El-Kurru was the first of the three royal cemeteries used by the Kushite royals of Napata, also referred to as Egypt's 25th Dynasty, and is home to some of the royal Nubian Pyramids. It is located between the 3rd and 4th cataracts of the Nile about 1 mi west of the river in what is now Northern state, Sudan. El-Kurru was first excavated by George Reisner in 1918 and 1919 and after his death his assistant Dows Dunham took over his work and published the excavation report on El-Kurru in 1950. The El-Kurru cemetery was primarily used from about 860 BC until 650 BC. The first tomb with a name attached to it is that of King Piye (also known as King Piankhy) dating to about 750 BC, the sixteen earlier tombs possibly belong to Piye's royal predecessors. The last 25th dynasty king, Tantamani, was buried at El-Kurru around 650 BC. The subsequent Napatan rulers chose to be buried at the royal cemetery at Nuri instead. However, in the mid-4th century the 20th king, whose name is unknown, chose to have his tomb, as well as that of his queen, built at El-Kurru.

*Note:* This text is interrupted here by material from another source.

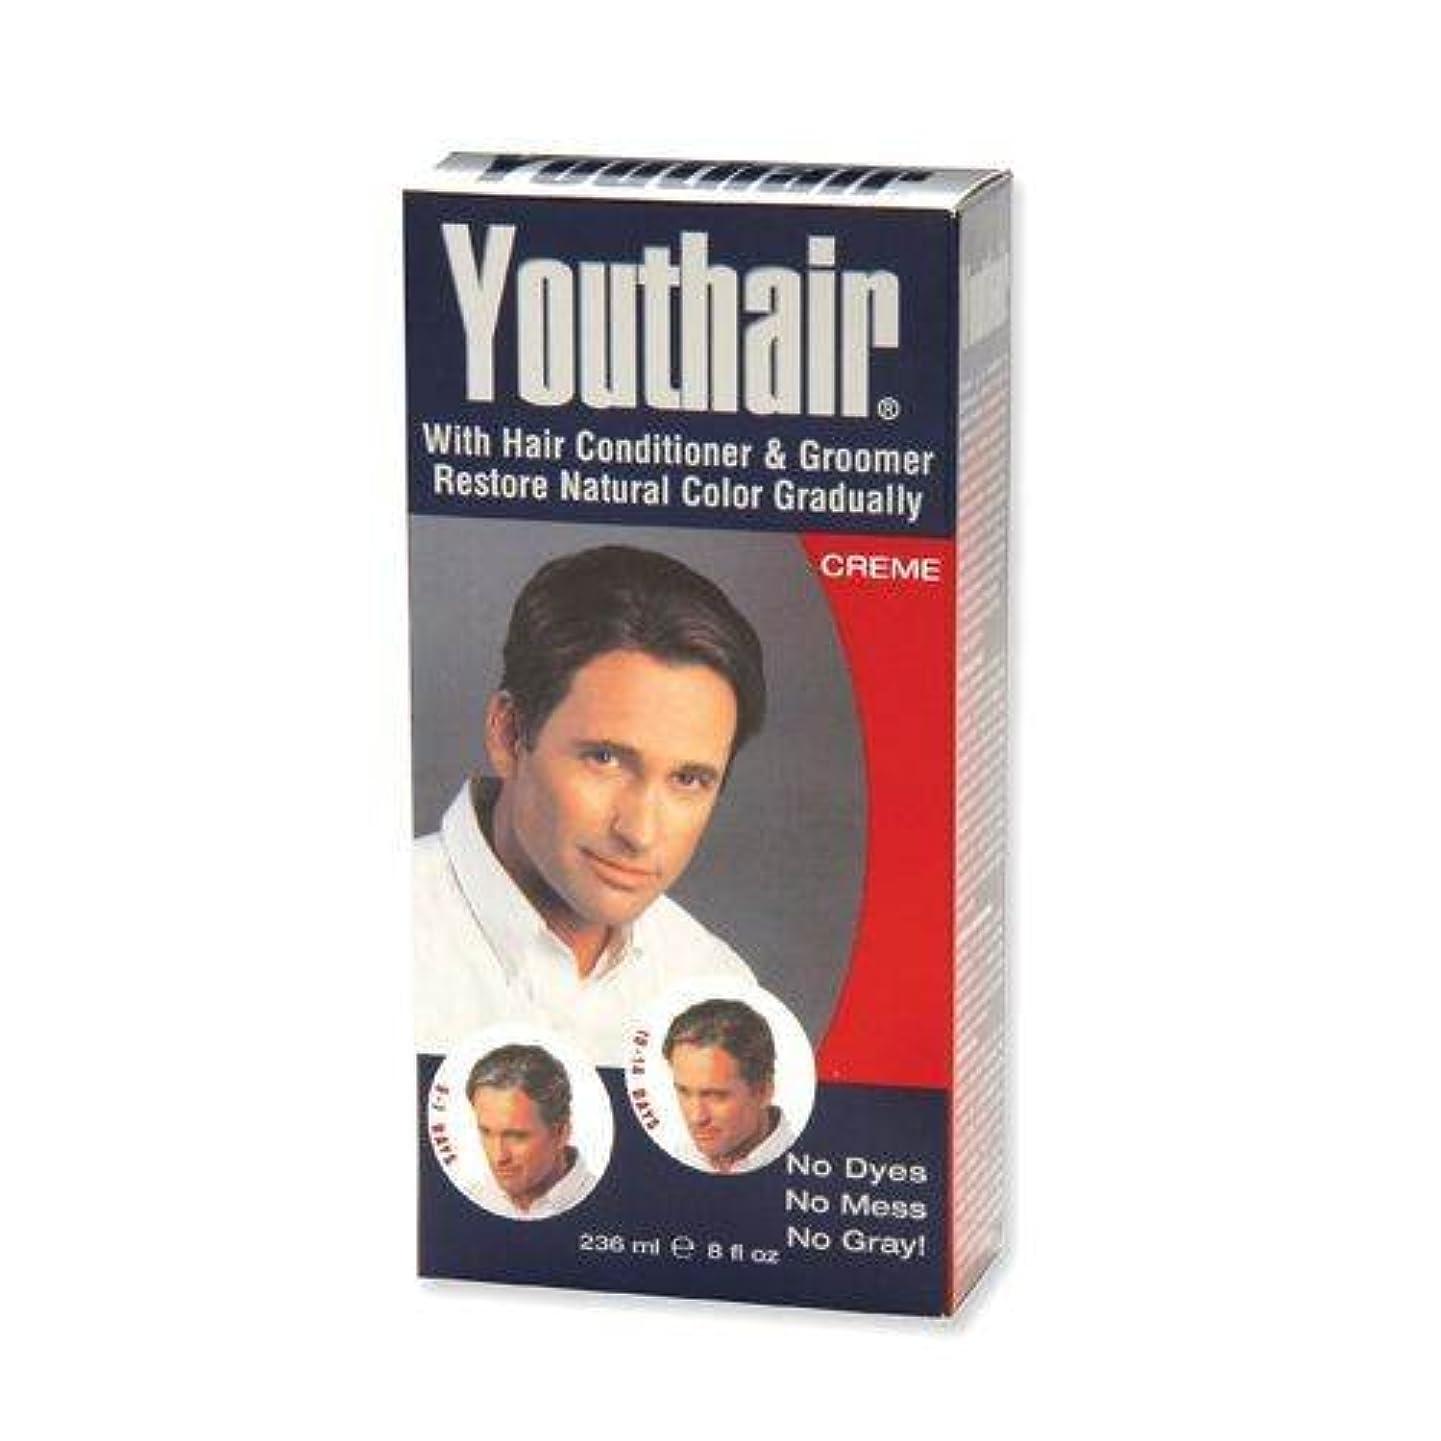 昨日肉腫対立YOUTHAIR Creme for Men with Hair Conditioner & Groomer Restore Natural Color Gradually 8oz/236ml by Youthair

==History and description==

Reisner thought that the earliest tomb, Tum.1, dated back to the time of Pharaoh Sheshonq I of Ancient Egypt (c. 860 BC) and predates the Kingdom of Napata by some 200 years. At the present, some scholars (Hakem, Torok) think the early cemetery stretches back to the Ramesside period and date the earliest burials to the end of the Twentieth Dynasty of Egypt (c. 1070 BC). However, other scholars, including Kendall, more or less agree with Reisner's chronology, and move the date of initial use to 850-830 BC as opposed to Reisner's proposed date of 860 BC.

The cemetery is divided into three parts by two wadis. The central section seems to be the oldest and contains several tumulus type tombs that predate the Kingdom of Napata. The highest part of the cemetery contains four tumulus tombs (Tum. 1, 2, 4 and 5). Tum. 6 is located to the north, across the northern wadi. To the east of the tumuli is a row of at least eight pyramids. One of them partially intrudes on a tumulus tomb (Tum. 19). According to Dunham and Reisner, the southernmost of this row of pyramids (Ku.8) belongs to King Kashta and (presumably to) his wife Pebatjma, and tomb Ku.9 belongs to King Alara, however there are no written records of names associated with these tombs. Before this row is another row of pyramids which includes those of Piye, Shabaka and Tantamani.

The southern pyramids are located to the south of the pyramid of Pebatjma, across the southern wadi. These are the pyramids of the Queens: Naparaye (Ku.3), Khensa (Ku.4), Qalhata (Ku.5), and Ku.6 which possibly belongs to Arty.

As mentioned previously, not all of the tombs at El-Kurru are pyramids. Tombs Tum. 1, 2, 3, 4, 5, 6 (tum. standing for tumulus), and Ku.19 are all Nubian style tumuli that consist of a rock-cut pit covered by a circular mound of gravel, pebbles, and rubble. This style of tumulus is also seen in C-Group burials and at burials at Kerma. However, the style of the tumuli changed with time. Tum.6 and Ku.19 both have circular enclosure walls, which are sturdier than the rubble piles that topped the previous tombs, and had offering chapels. The following ten tombs built, Ku. 14, 13, 11, 10, 9, 23, 21, 8, 20, 7, also had offering chapels (except for Ku.21 and Ku.20) and had square plan rather than circular. Reisner believed that these square tombs were mastabas, flat topped structures, but scholars Lohwasser and Kendall argue that they were actually topped with small pyramids that were removed when the tombs were looted. King Piye's tomb (Ku.17) marks another change in the building style of the tombs at El-Kurru, he was buried in a vaulted chamber that was both rock cut and built with stone masonry. The royal pyramids built after King Piye's were similarly monumental and King Tanwetamani (Ku.16) and Queen Qalhata's (Ku.5) tombs are even exquisitely painted with scenes of the Egyptian underworld. Unfortunately, both the interior and exterior of almost all of the tombs at El-Kurru were looted, leaving the tombs in disrepair. However, the artifacts that were left behind indicate that these rulers were incredibly wealthy and successful.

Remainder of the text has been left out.